PPIと認知機能低下は関連するのか~デンマークの大規模研究

提供元:
ケアネット

PPIと認知機能低下は関連するのか~デンマークの大規模研究のイメージ

 プロトンポンプ阻害薬(PPI)の使用と認知症の関連における研究は、相反する結果が報告されている。今回、南デンマーク大学のMette Wod氏らが、デンマークにおける2つの大規模な集団ベースの双生児研究で検討したところ、PPI使用と認知機能低下には関連が認められなかった。Clinical Gastroenterology and Hepatology誌オンライン版2018年1月29日号に掲載。

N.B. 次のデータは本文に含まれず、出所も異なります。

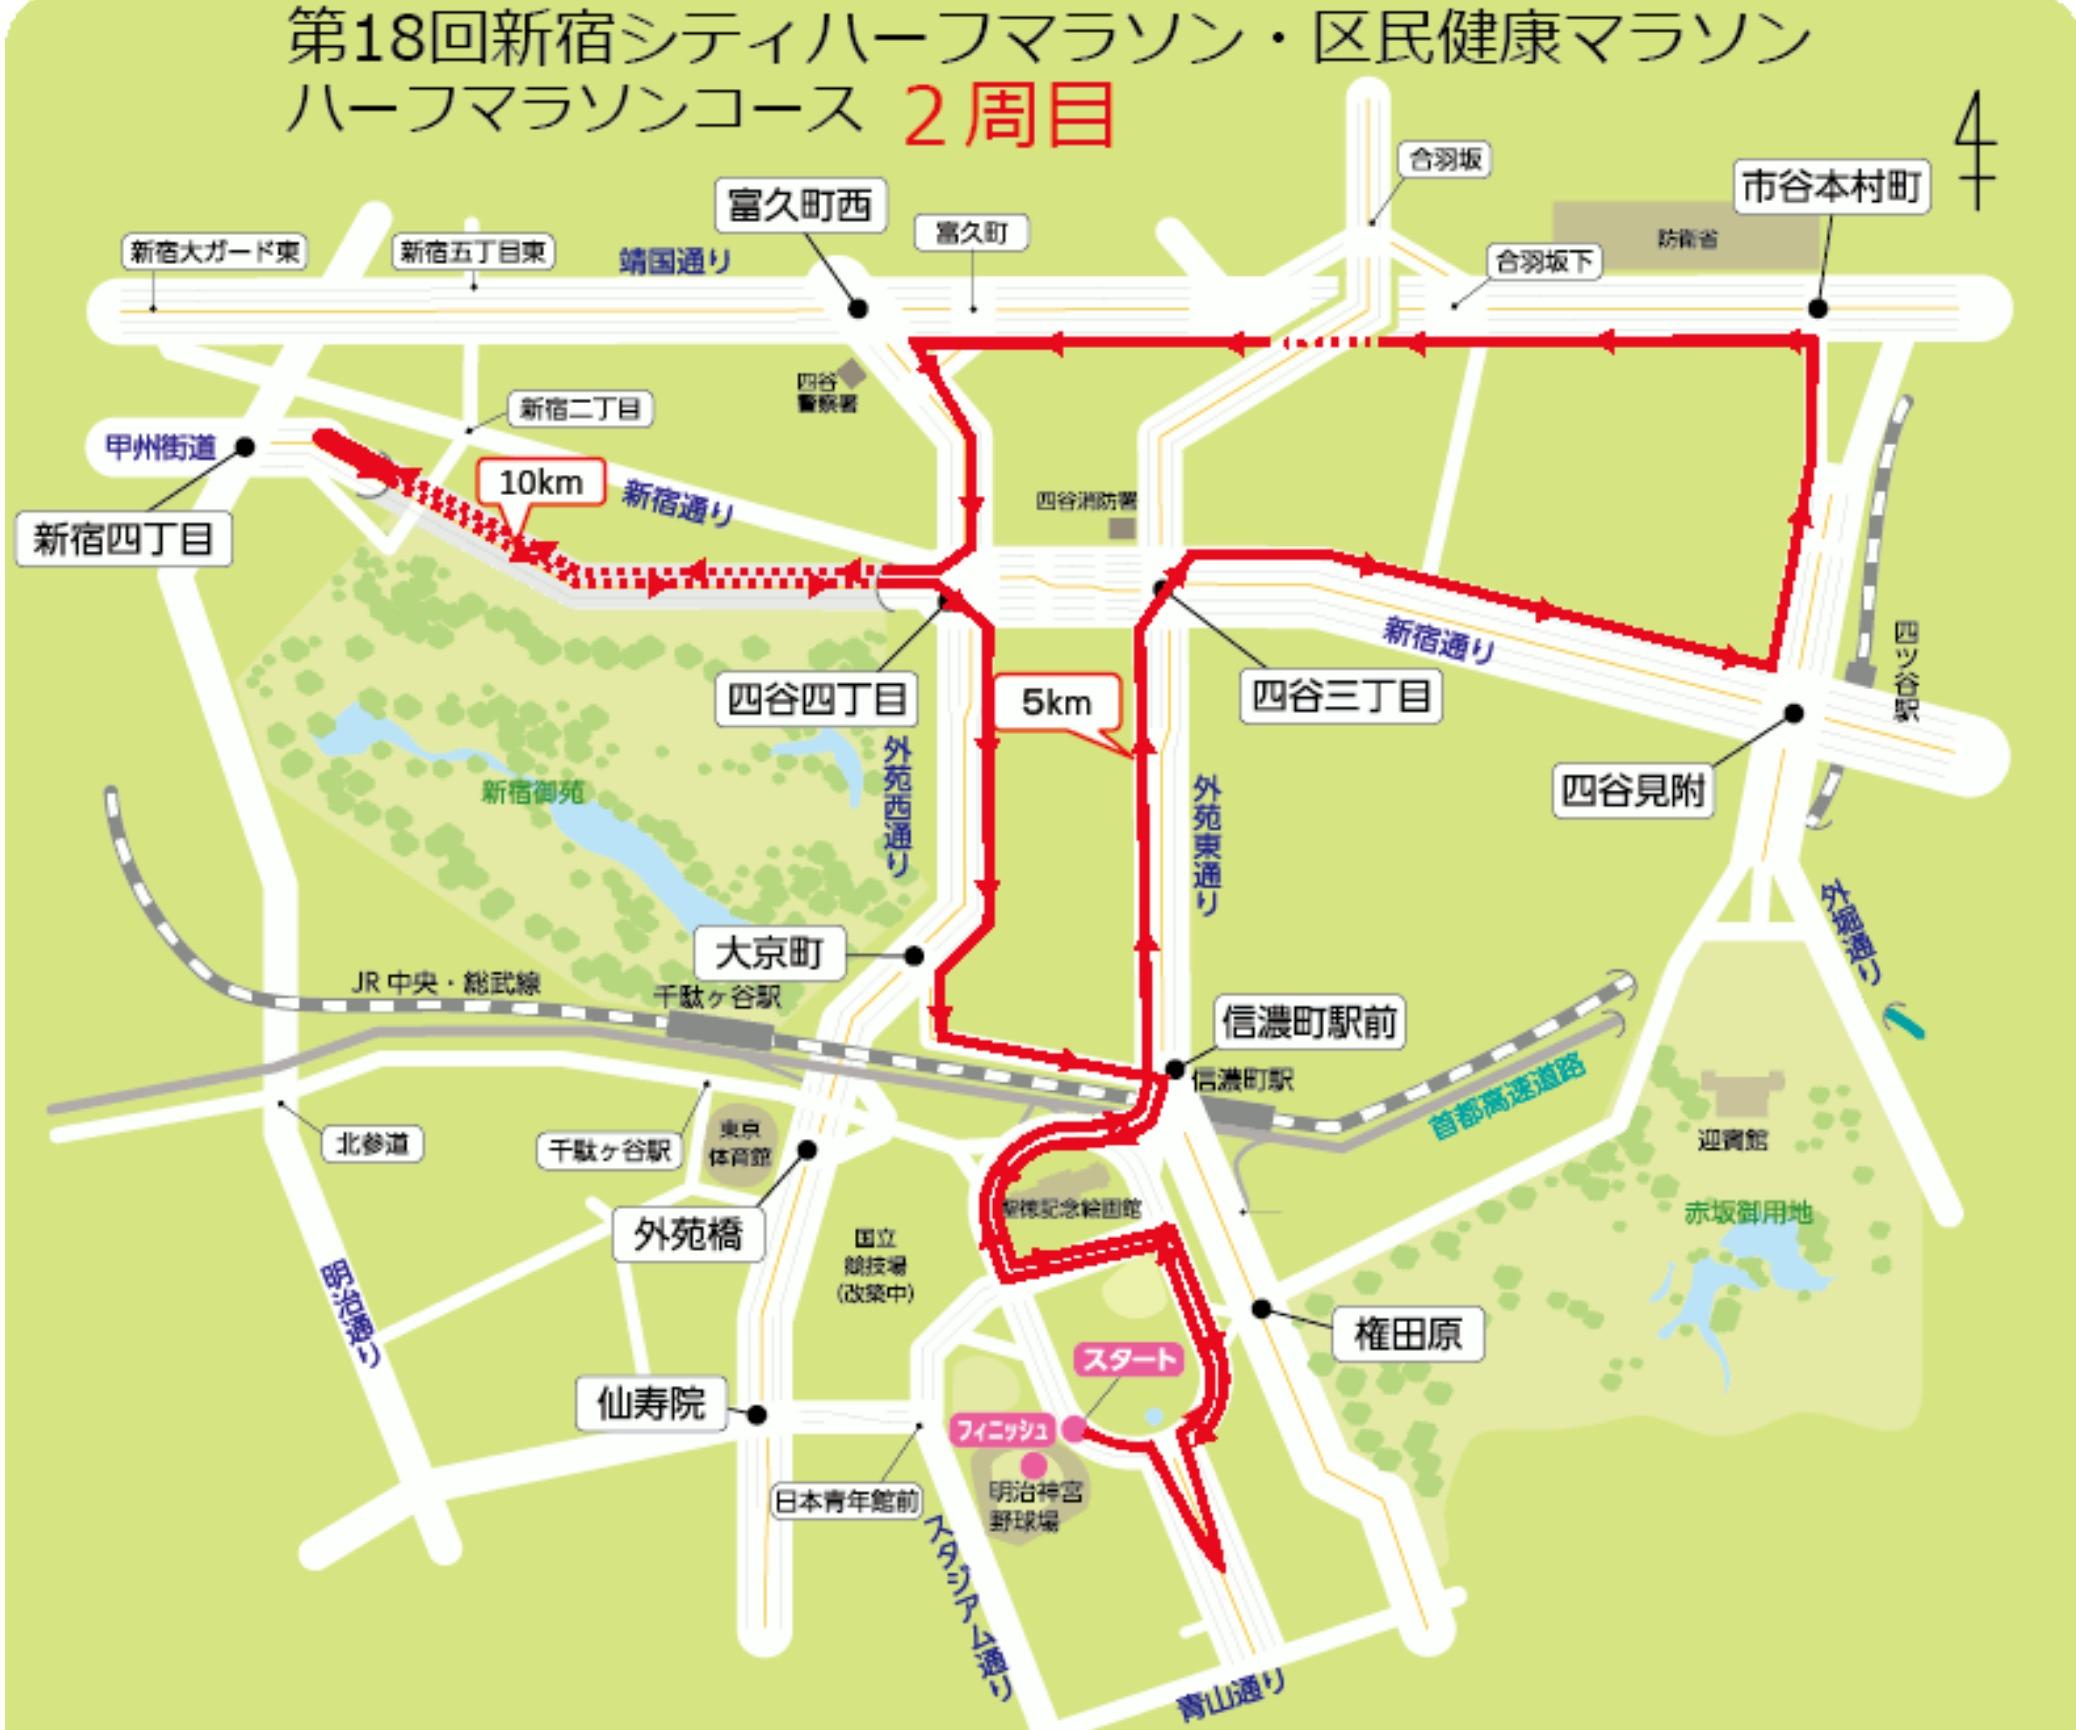 新宿シティハーフマラソンコースマップ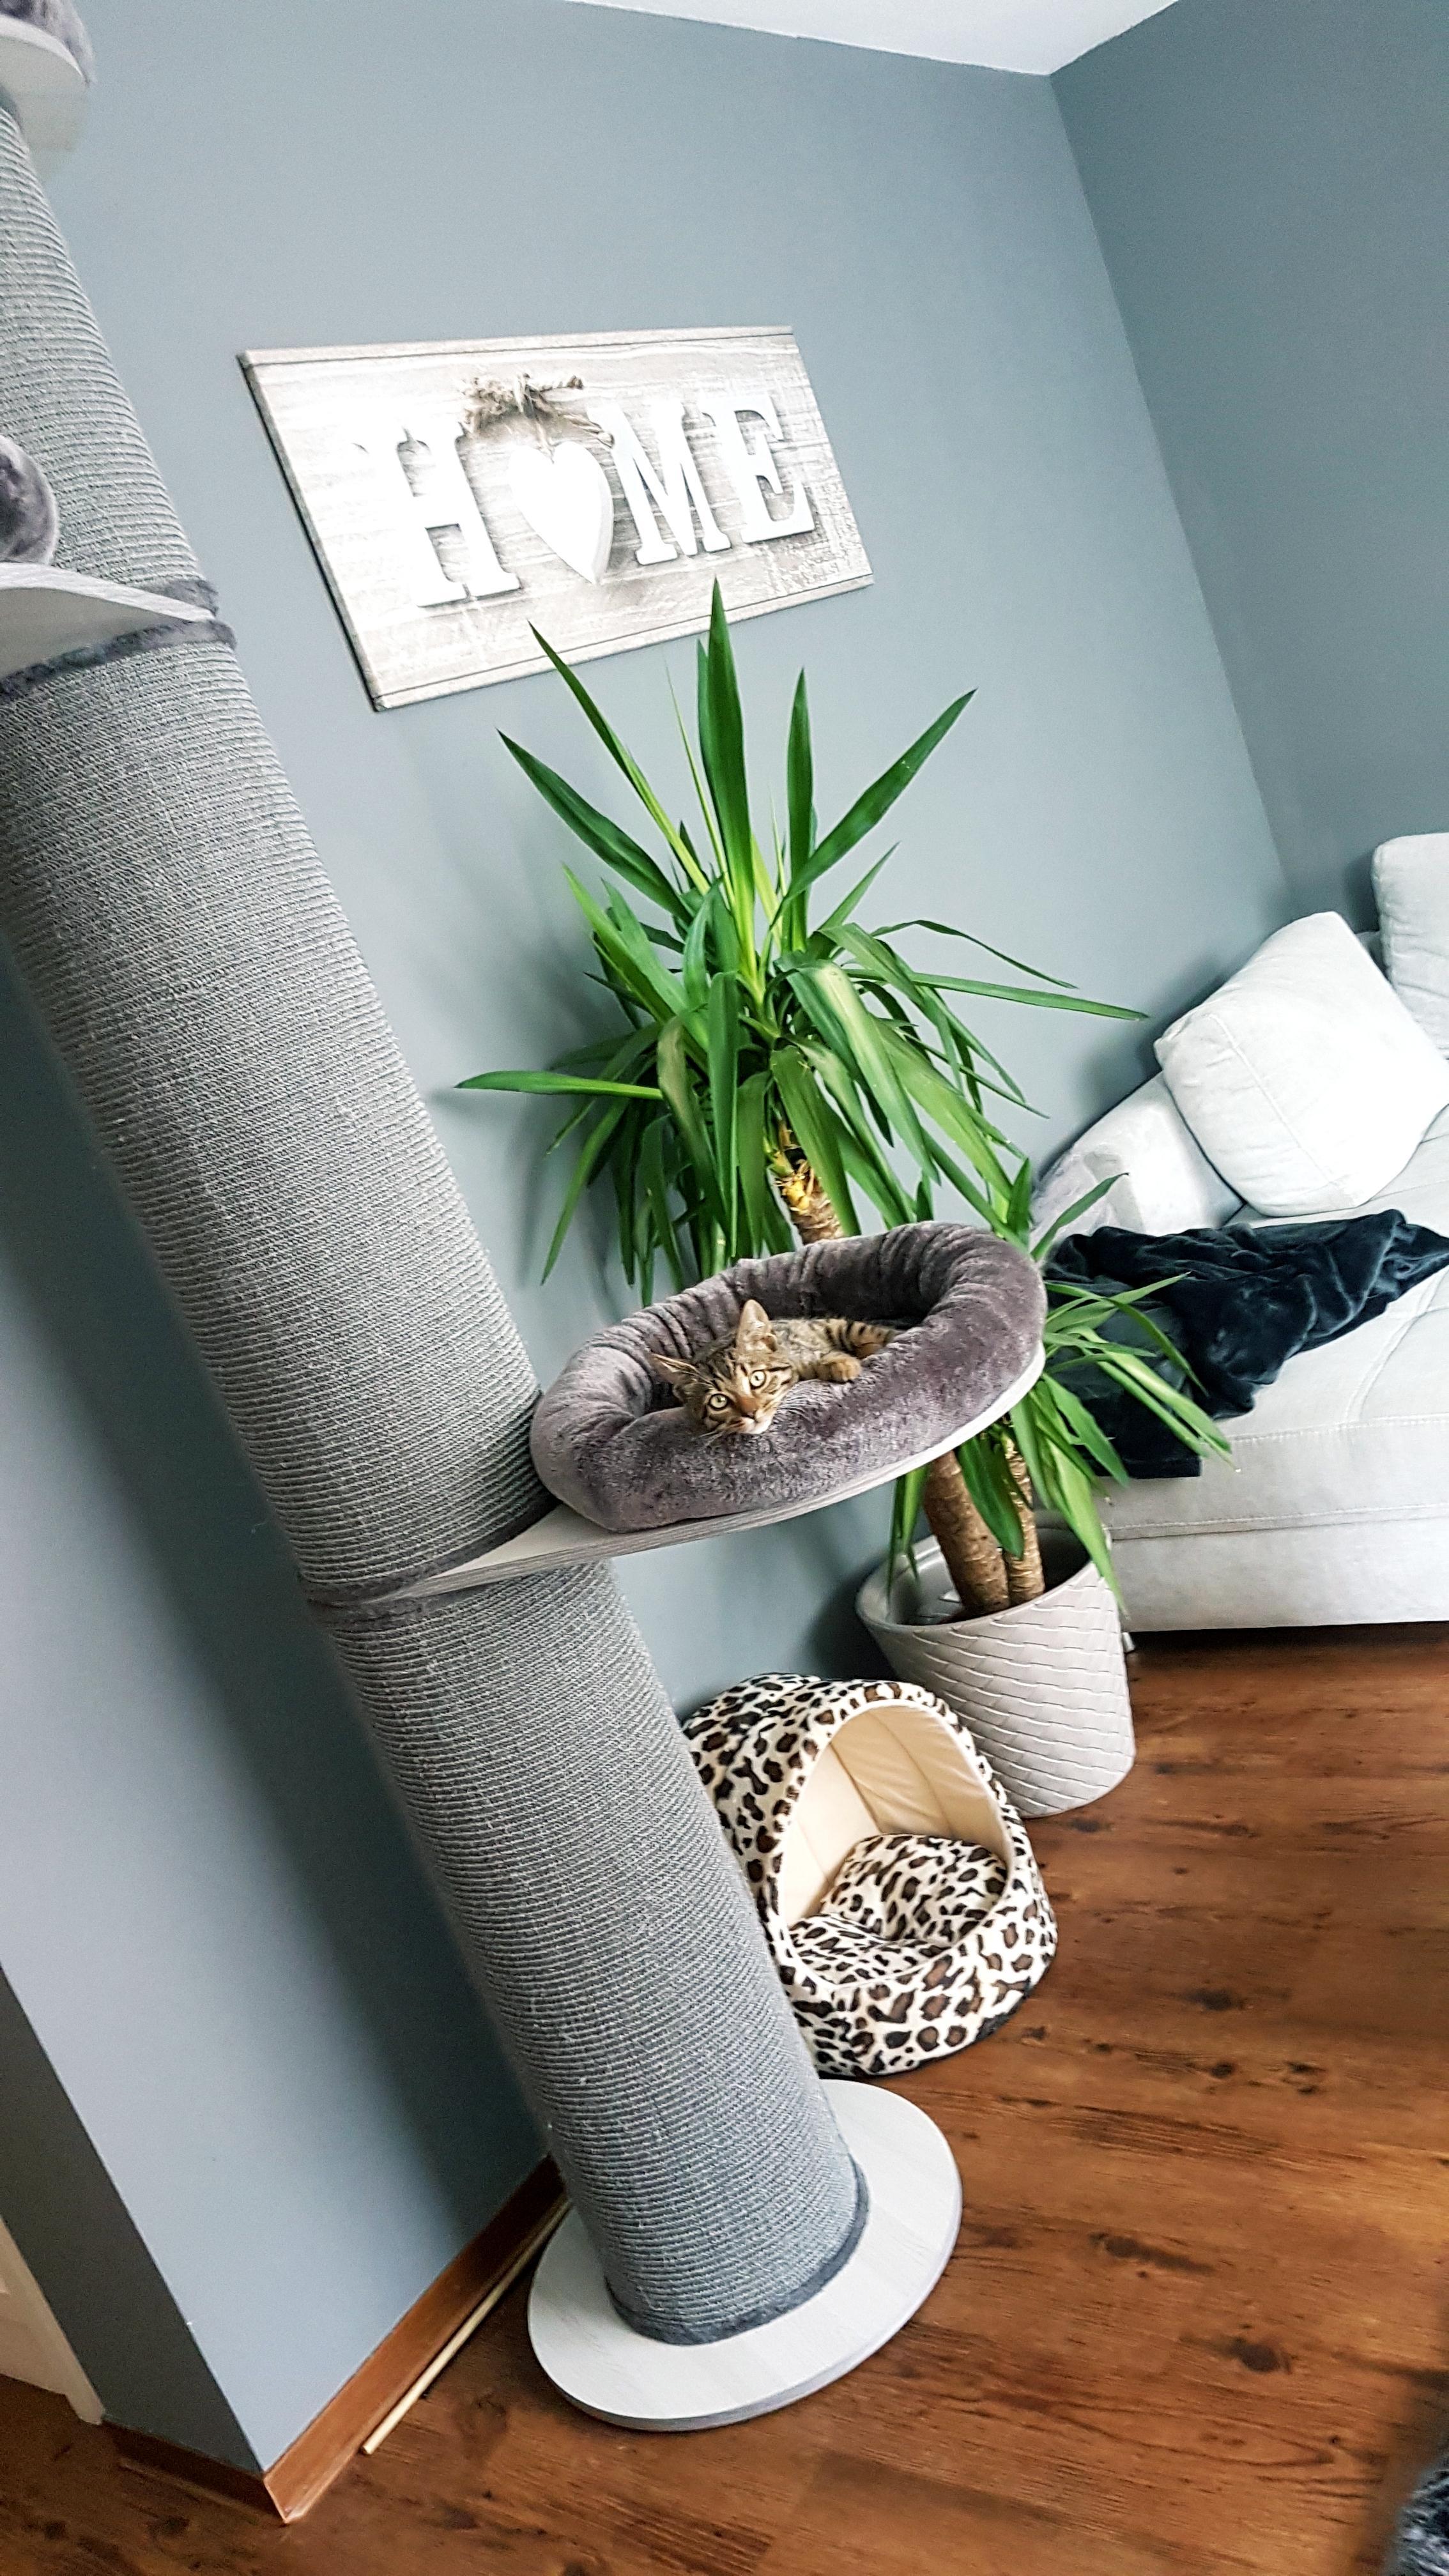 Wenn Der Kleine Sich Sogar Wohlfühlt😍#couchliebt #kratzbaum #deko #möbel #

 本研究は前向き研究で、46~67歳の中年の研究(Middle Aged Danish Twin study、2,346例、認知機能評価を10年実施)および高齢者の研究(Longitudinal Study of Aging Danish Twins、2,475例、認知機能評価を2年実施)からデータを収集した。著者らは、全国処方登録のデータを使用し、調査登録前の2年間および追跡期間中のPPIの累積使用量を、規定された1日投与量(defined daily dose:DDD)で定量した。多変量線形回帰モデルを用いて、PPI累積使用量、ベースライン時の認知機能総合スコア、追跡期間中のスコア低下の関連について調べた。

 主な結果は以下のとおり。

・中年での研究では、調査登録前にPPIを使用している群でベースライン時の平均認知機能スコアがやや低かった。
・中年での研究では、PPI高使用者(400DDD以上)における調整スコアは、非使用者より低かった(PPI高使用者の平均粗スコア:43.4±13.1、非使用者の平均粗スコア:46.8±10.2、調整差:0.69ポイント、95%CI:-4.98~3.61)。
・高齢者の双生児の縦断研究では、PPI高使用者は、非使用者よりも調整スコアが高かった(PPI高使用者の平均粗スコア:35.2±10.8、非使用者の平均粗スコア:36.2±11.1、調整差:0.95ポイント、95%CI:-1.88~3.79)。
・認知機能低下については、高齢者の縦断研究では、ベースライン時と追跡期間のスコアの調整平均差は、PPI高使用者のほうが非使用者より低かった(PPI高使用者の平均粗スコア:ベースライン時36.6±10.1/追跡期間34.3±12.3、非使用者の平均粗スコア:ベースライン時38.1±10.5/追跡期間37.6±11.3、調整差:1.22ポイント、95%CI:-3.73~1.29)。
・中年での研究では、PPI使用の最も多い群(1,600DDD以上)は、非使用者よりも認知機能低下が若干少なかった(PPI高使用者の平均粗スコア:ベースライン時43.4±10.1/追跡期間時41.3±9.7、非使用者の平均粗スコア:ベースライン時49.1±10.2/追跡期間時46.3±9.9、調整差:0.94ポイント、95%CI:-1.63~3.50)。
・PPI使用者と非使用者のスコアの差は有意ではなかった。